Saturday, May 7, 2011

Single? Nope...

A very quick update from my previous post, I am now in a relationship with G.
I was actually impatient that I didn't get any messages from him but I kept my cool 'cos I know he works part time after scfhool. When it was almost 6pm I messaged him 'cos I thought  maybe he finished work already and we could casually message. He only replied a couple of hours later. We first said usual stuff like how everything's going and he suddenly asked me to send one of my pic in Facebook to his profile. I freaked a little but to the fact that I don't know which pic to send. I don't want it to be too pretty or too bad so I sent a pic of me in a black hood dress.
After that, he asked if I was single and I sensed that he was gonna ask me to be his girl.

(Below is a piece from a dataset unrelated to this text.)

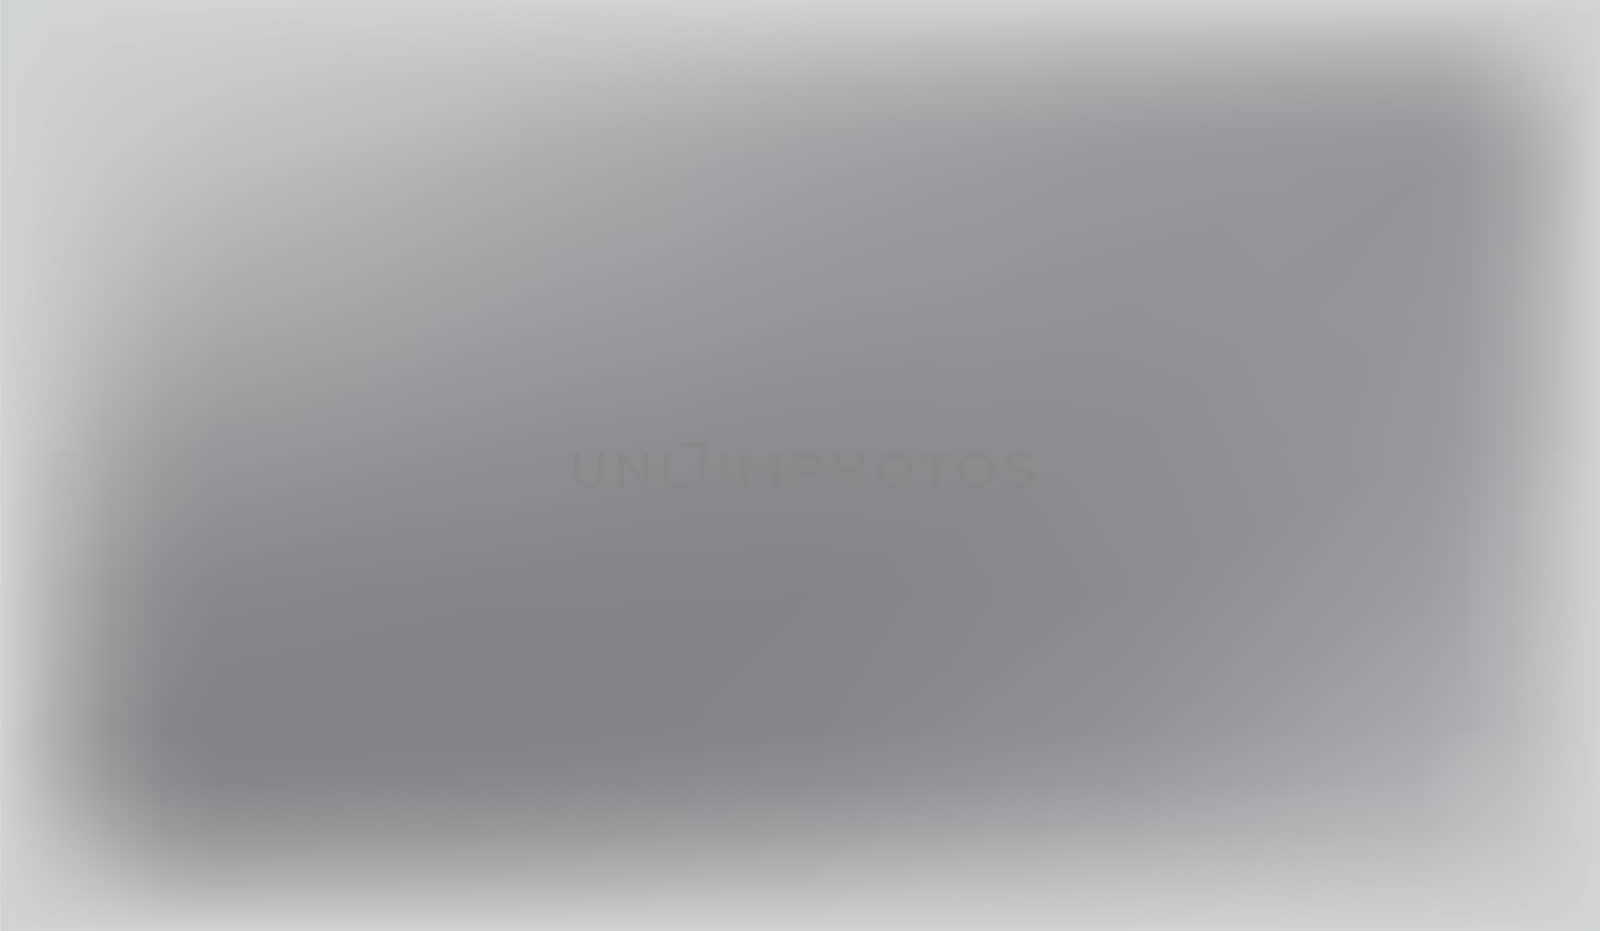 abstract gray background. light gray gradient abstract background.

I just played along and acted dumb. In the first few messages he was, in a way, mumbling the words out as if he was panicked and feeling uncertain. He was also afraid I might reject him but I've convinced him otherwise. Just like that, he asked me and I said yes straight away.
On that same night, we gave each other simple pet names; he calls me Ayang, I call him Baby. We were so goo goo ga ga over each other the whole night. Different details I'll have to mention another day.

Friday, May 6, 2011

Someone...

Lets forget every guy I've ever blogged about. I don't want to remove the posts about them but I just want them forgotten. Honestly speaking, I sound like a pathetic loser blogging about guys who aren't mine and never had so much more talked to them. But it's also because of another guy. I wanna let it out but I don't know if the situation suddenly changes. I don't wanna lie or hurt myself by overwhelming myself on some guy. Though I am in love with Cody Simpson's voice :P
I'd give this guy a nickname like the other guys but people know that name already. I'll just call him G, then.
On Monday and Tuesday, he's  sent me a lot of Facebook Message-via text. I don't really know him so well yet I just kept replying to him 'till my free RM15 credit finished. I did so 'cos I wanna socialize with him better just like I wanna socialize with others better. In those texts, he was so open and sweet I made giggles and had butterflies in my stomach. But that was 'cos he always called me 'my dear' and said 'sayang' to me. My heart leapt little.
When I told Arine and Natasha, Arine said he does like me and she knew by the way he looked at me. Natasha thinks it's possible 'cos he said 'my dear'and 'sayang' to me and asks me questions about myself. Actually, I had a felling he may have a crush on me last year but I ignored it 'cos I don't wanna be too prasan and it felt like it when he asked when my birthday is. No guy asks a girl -at that texting stage- when her birthday is. Now I'm just waiting for time set in...

Sunday, May 1, 2011

Remembering Alejandro

*Alejandro
For the last several hours I've non-stop been thinking about him. I'm not sure how yet he's always in my head when I want to think back about when I went camping on Friday and Saturday.
When I opened my eyes, I just wanted to close them for a little while. Beneath my eyelids I saw him in my memory. It was so vivid and clear I thought he was really with me. Even now I can still remember the details of him I remembered this morning - he stood straight and steady in his usual half-uniform; dark blue pkbm tee, high-cut air force combat boots and air force trousers, his hands in his pockets like always, sharp stare and and cute, upset pout, curly mess-of-a-hair, long lashes.
If I were to remember him, I wouldn't remember him any other way but like this.
What I really love the most is when we exchanged opinions and thoughts from time to time, when sometimes he would stand beside me during kawad kaki and when he passed out some stuff and our fingers touched. I still remember those magical moments and senses, even though we don't know each other that well or even been called friends.
But because of that, I have these feelings towards him.